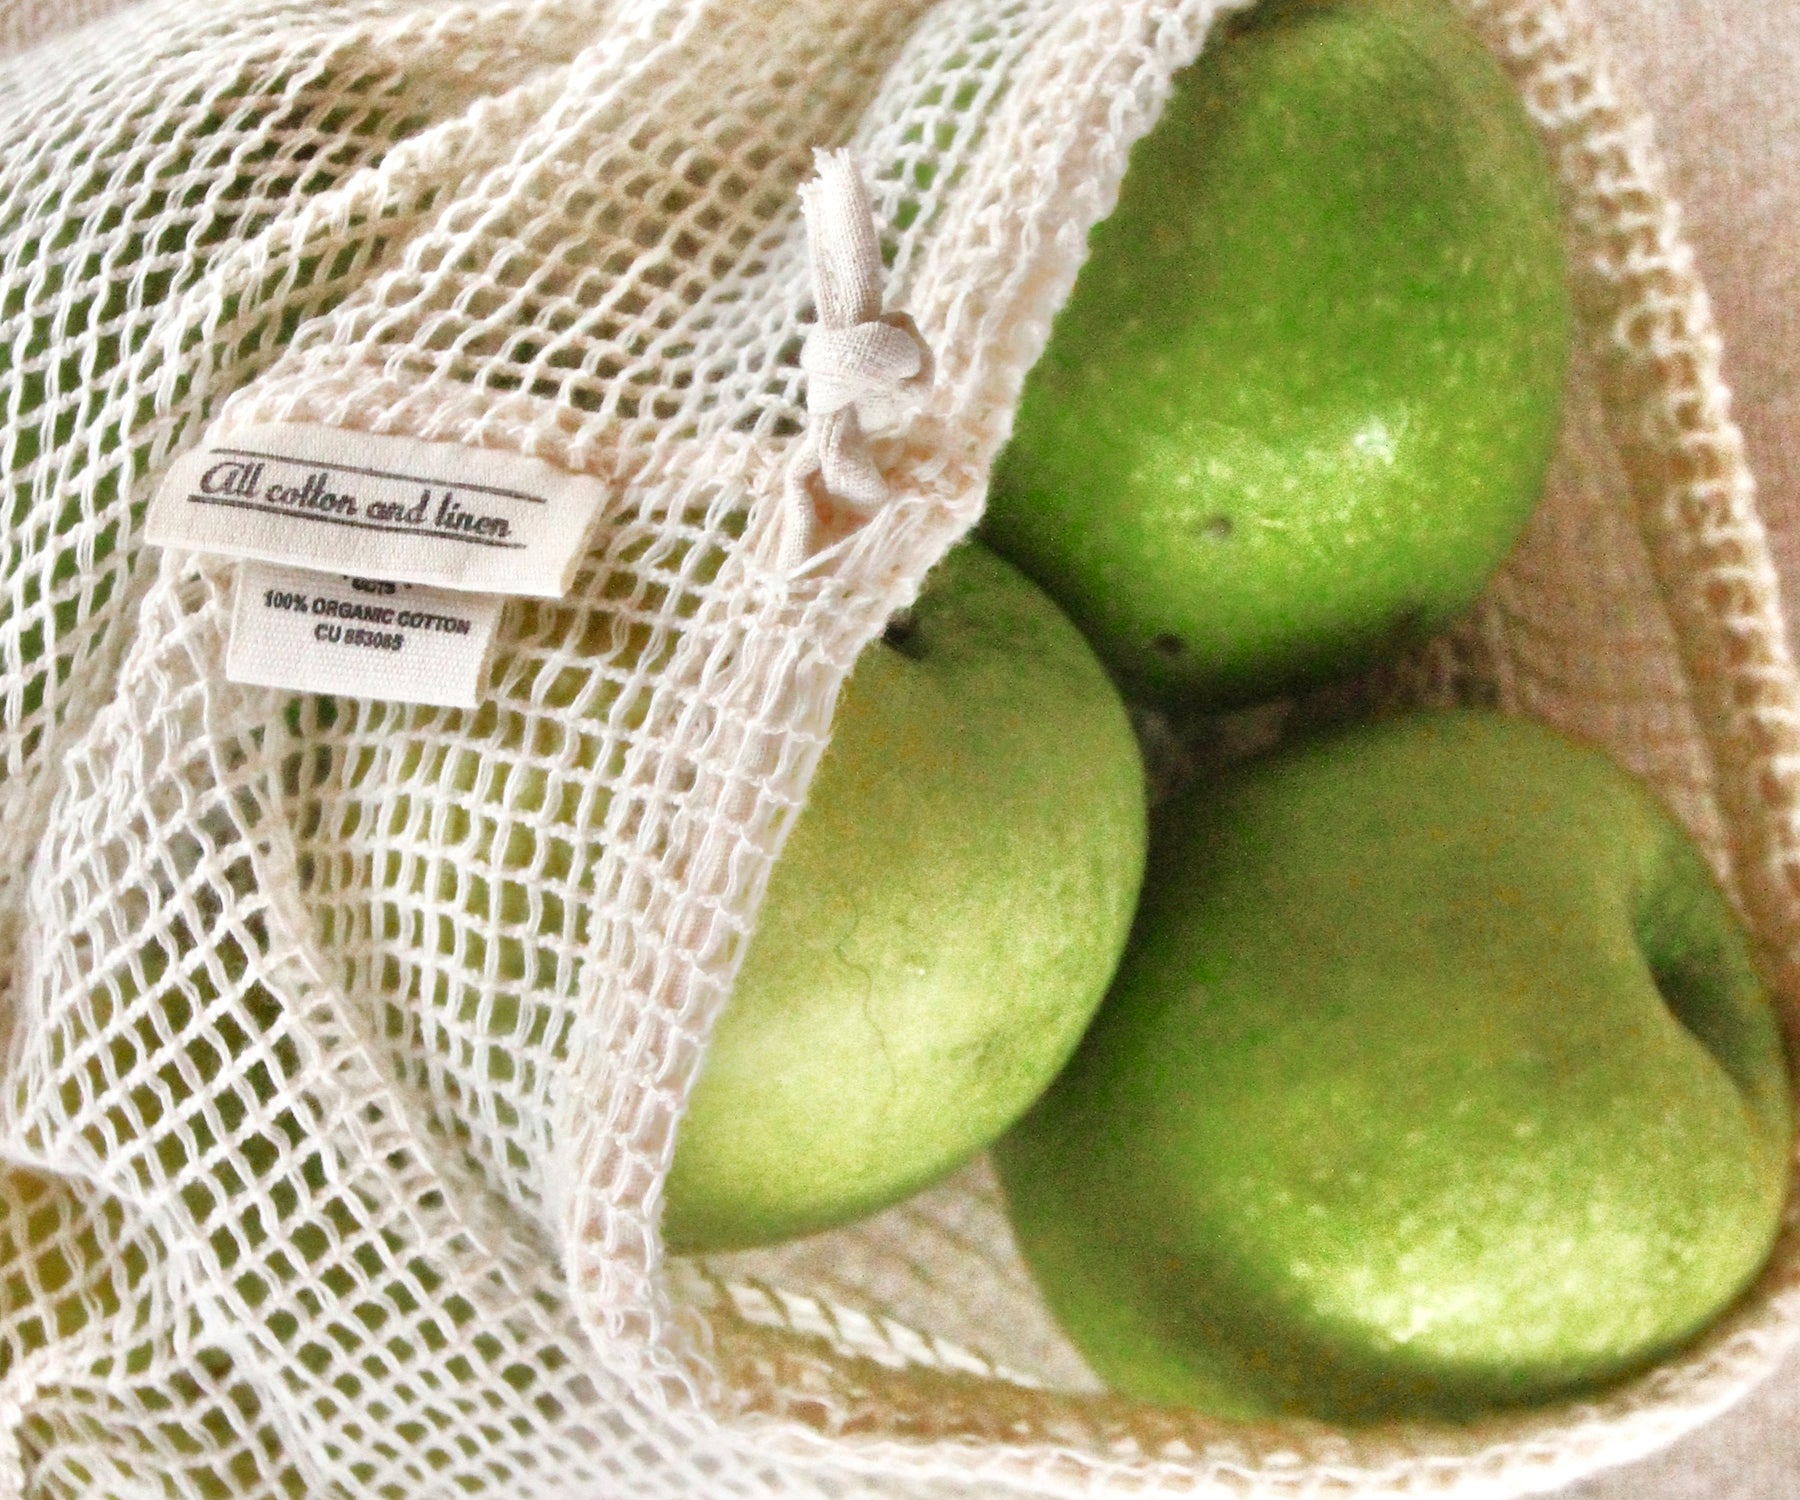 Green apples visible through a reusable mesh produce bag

--

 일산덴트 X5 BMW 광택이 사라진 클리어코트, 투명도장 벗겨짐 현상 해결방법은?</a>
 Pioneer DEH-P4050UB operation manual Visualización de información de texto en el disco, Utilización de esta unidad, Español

--

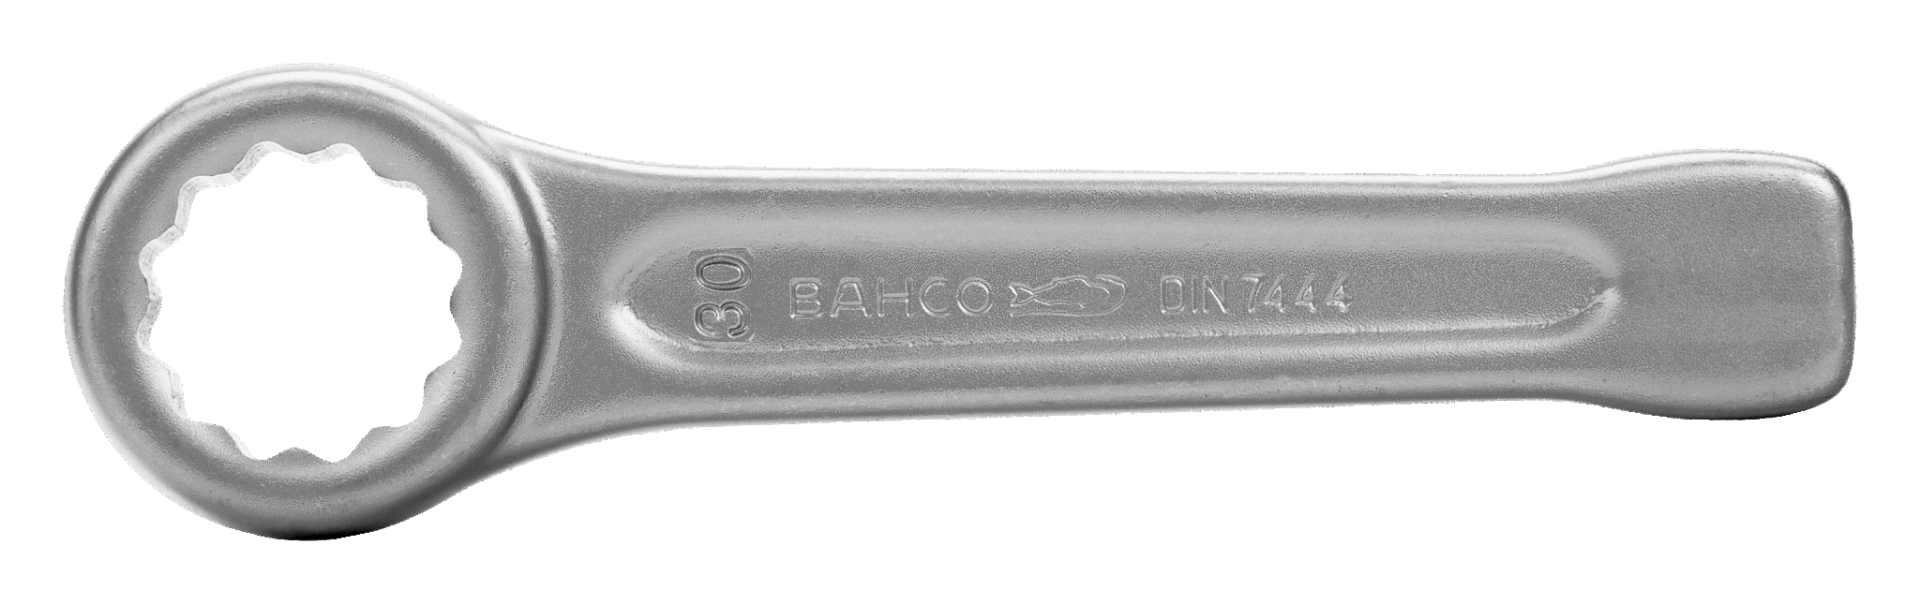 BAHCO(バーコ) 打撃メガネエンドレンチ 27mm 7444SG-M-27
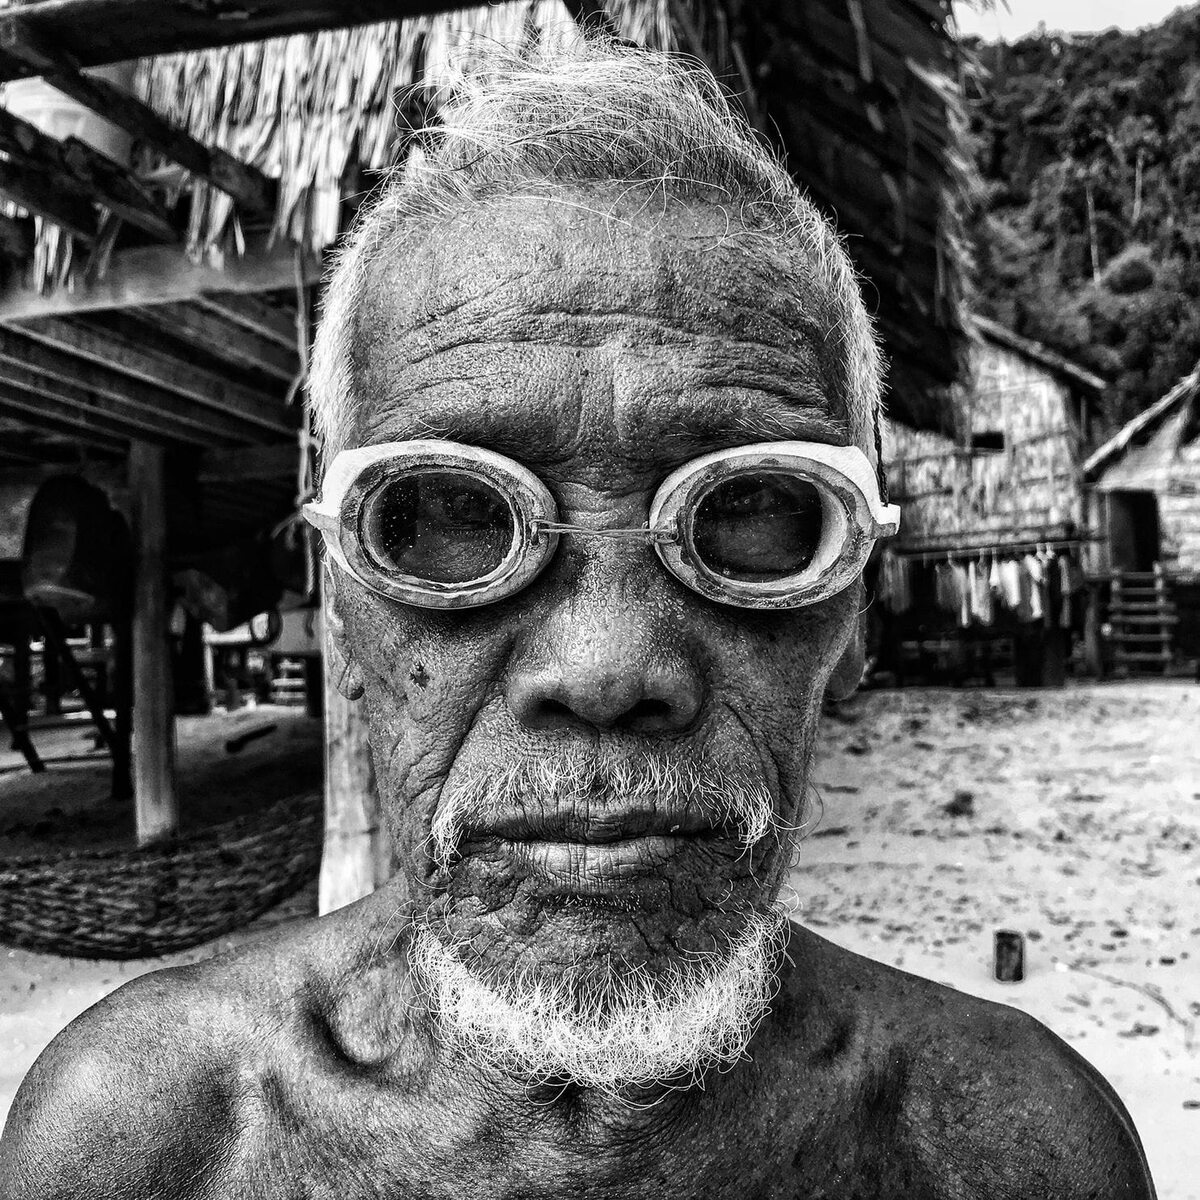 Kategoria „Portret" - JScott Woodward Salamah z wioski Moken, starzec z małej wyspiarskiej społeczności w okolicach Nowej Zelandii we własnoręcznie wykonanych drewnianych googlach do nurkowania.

> **WORK ITEM**:
Write out exactly the lines above from the line with "일산덴트 X5 BMW" through the line with "Pioneer DEH-P4050UB operation", both of them included, and leave out all other lines.

> **ANSWER SPACE**:
 일산덴트 X5 BMW 광택이 사라진 클리어코트, 투명도장 벗겨짐 현상 해결방법은?</a>
 Pioneer DEH-P4050UB operation manual Visualización de información de texto en el disco, Utilización de esta unidad, Español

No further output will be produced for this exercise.